Data –
-*-*-

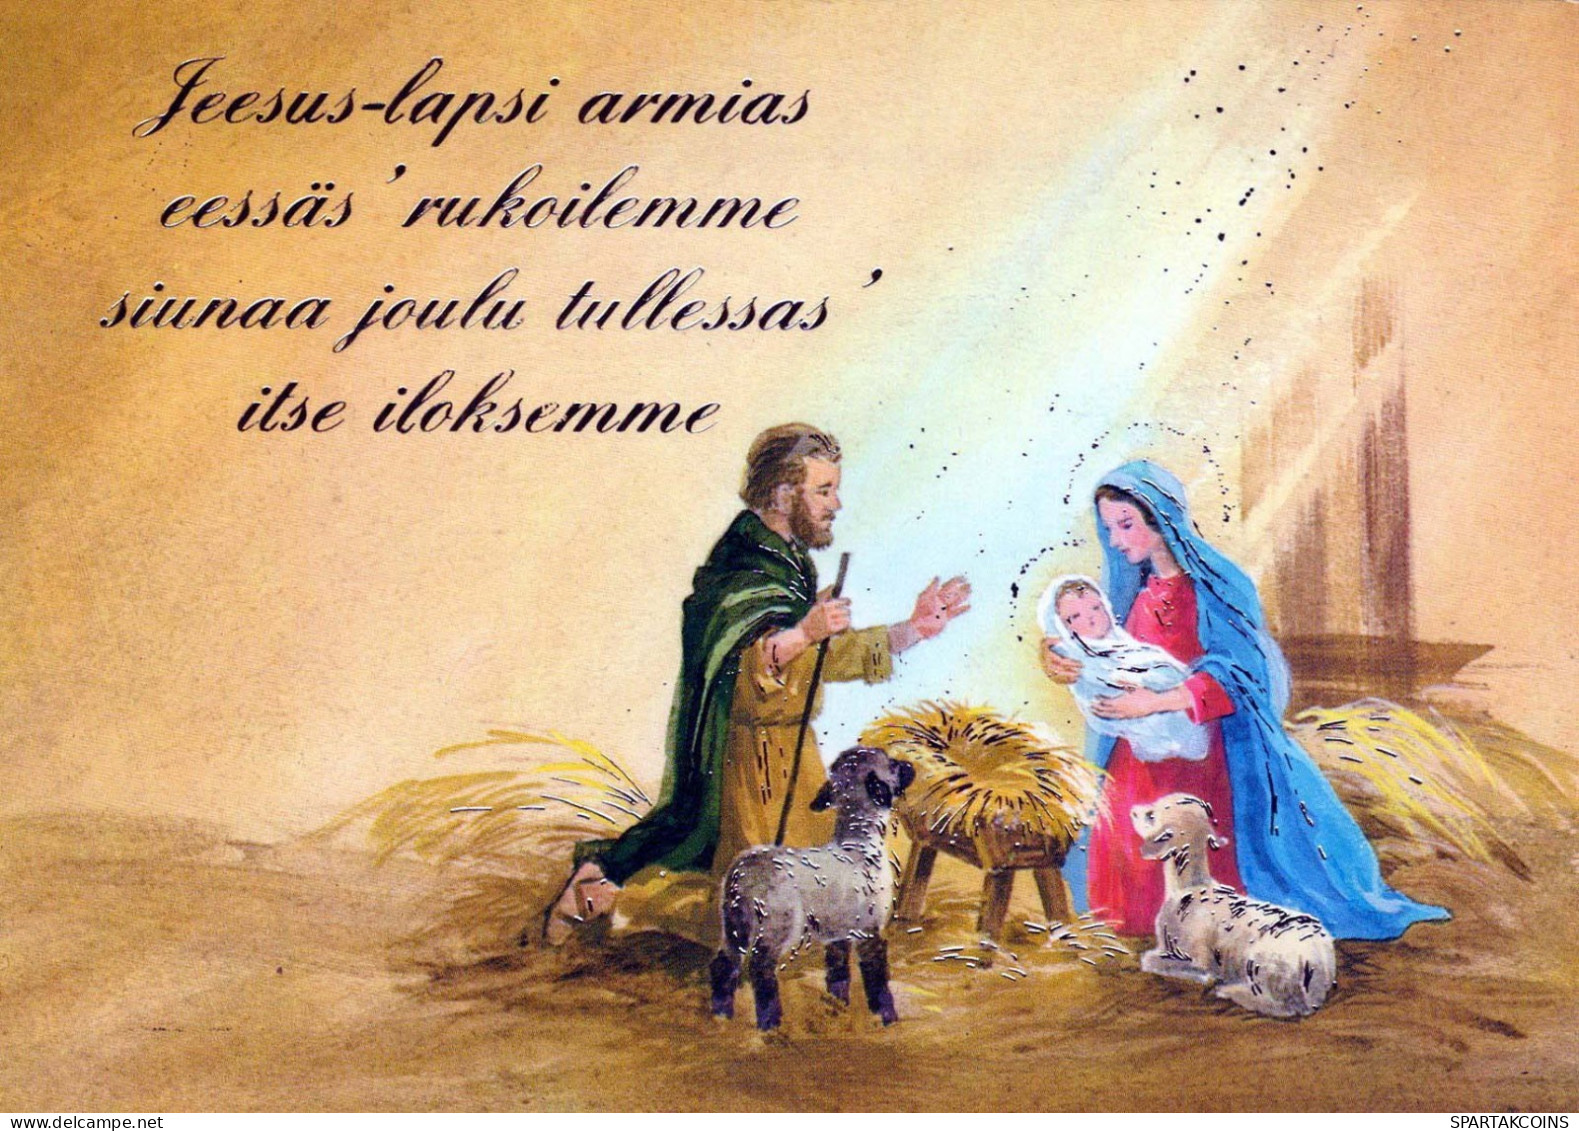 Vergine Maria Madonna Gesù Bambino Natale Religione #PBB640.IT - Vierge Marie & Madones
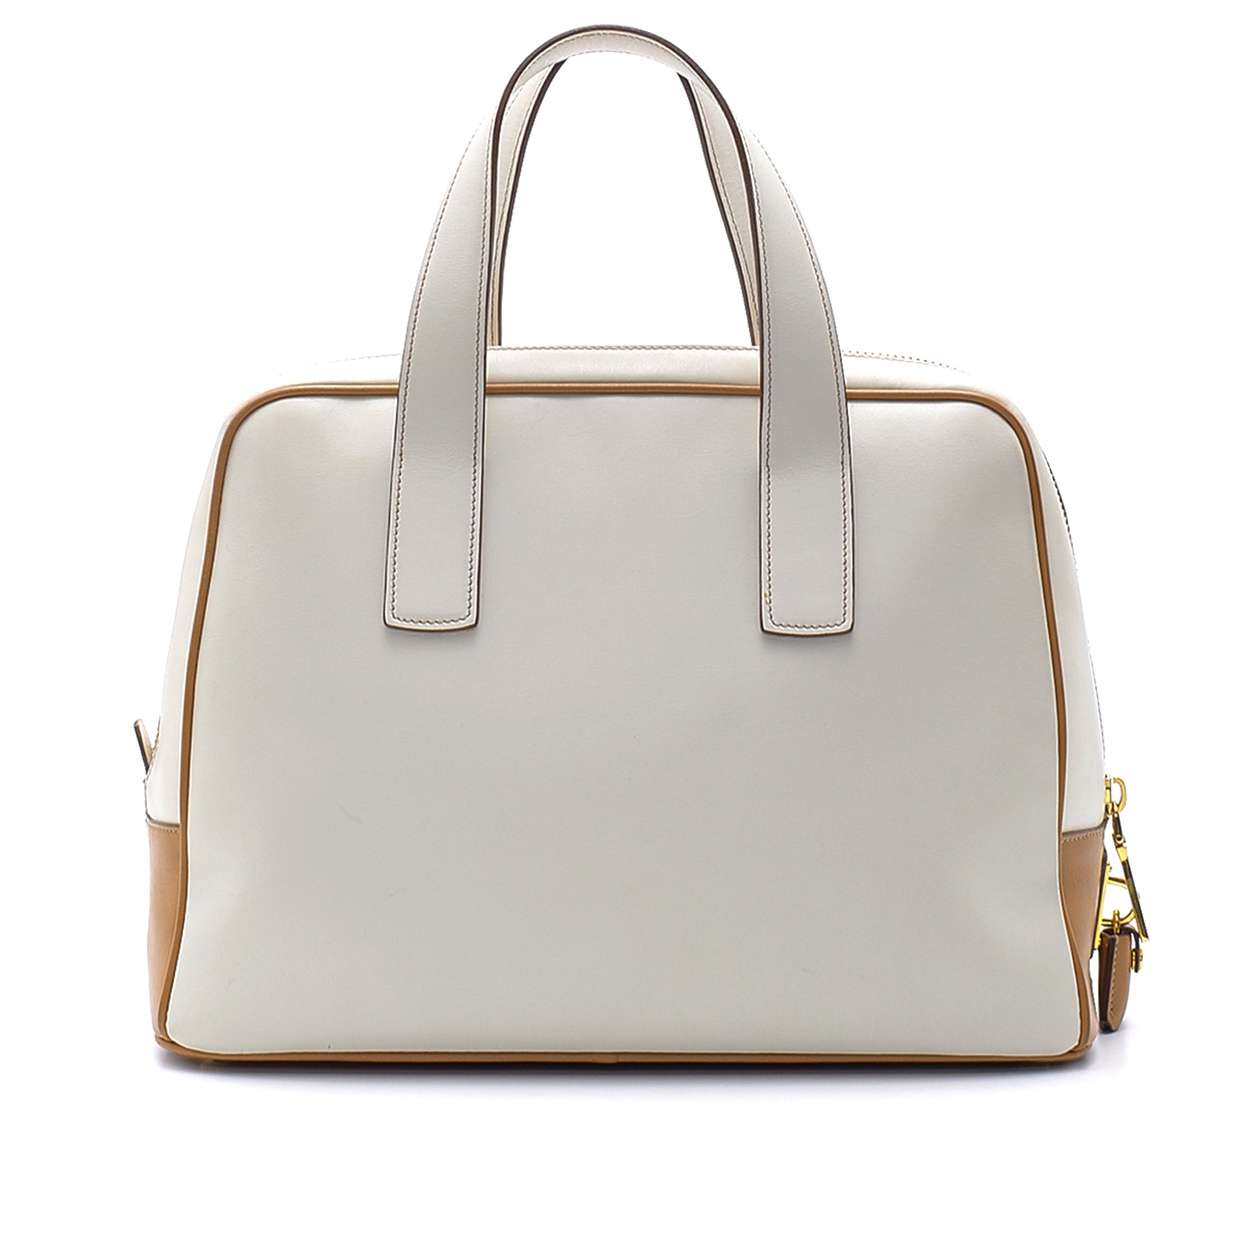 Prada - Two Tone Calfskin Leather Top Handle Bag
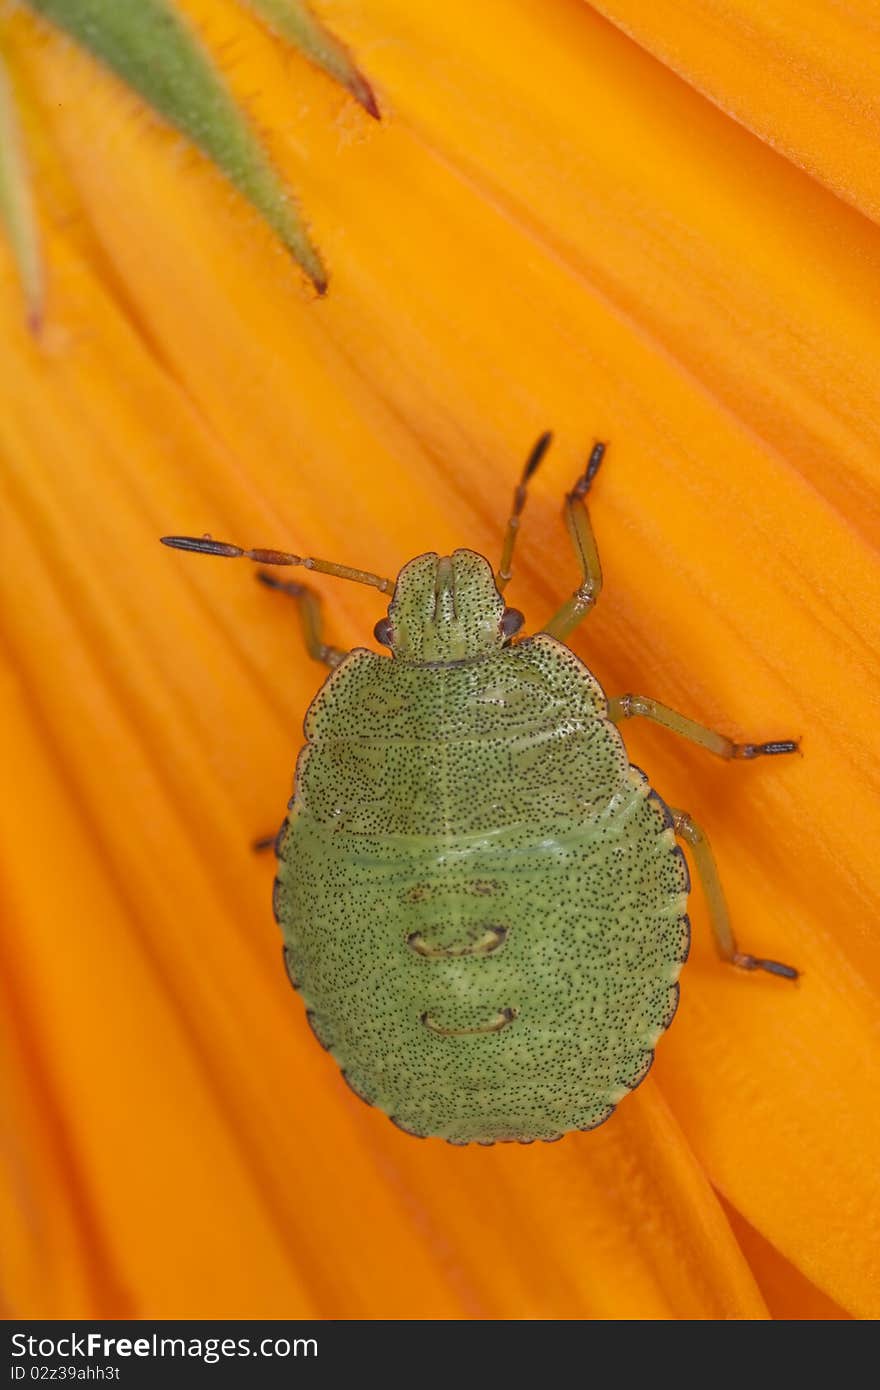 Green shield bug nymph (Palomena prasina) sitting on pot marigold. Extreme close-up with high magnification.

-*-*-

What you need to do – Return the whole listing word for word, minus its pictures.

Output –
 Vergine Maria Madonna Gesù Bambino Natale Religione #PBB640.IT - Vierge Marie & Madones
 Prada - Two Tone Calfskin Leather Top Handle Bag
 Green shield bug nymph (Palomena prasina) sitting on pot marigold. Extreme close-up with high magnification.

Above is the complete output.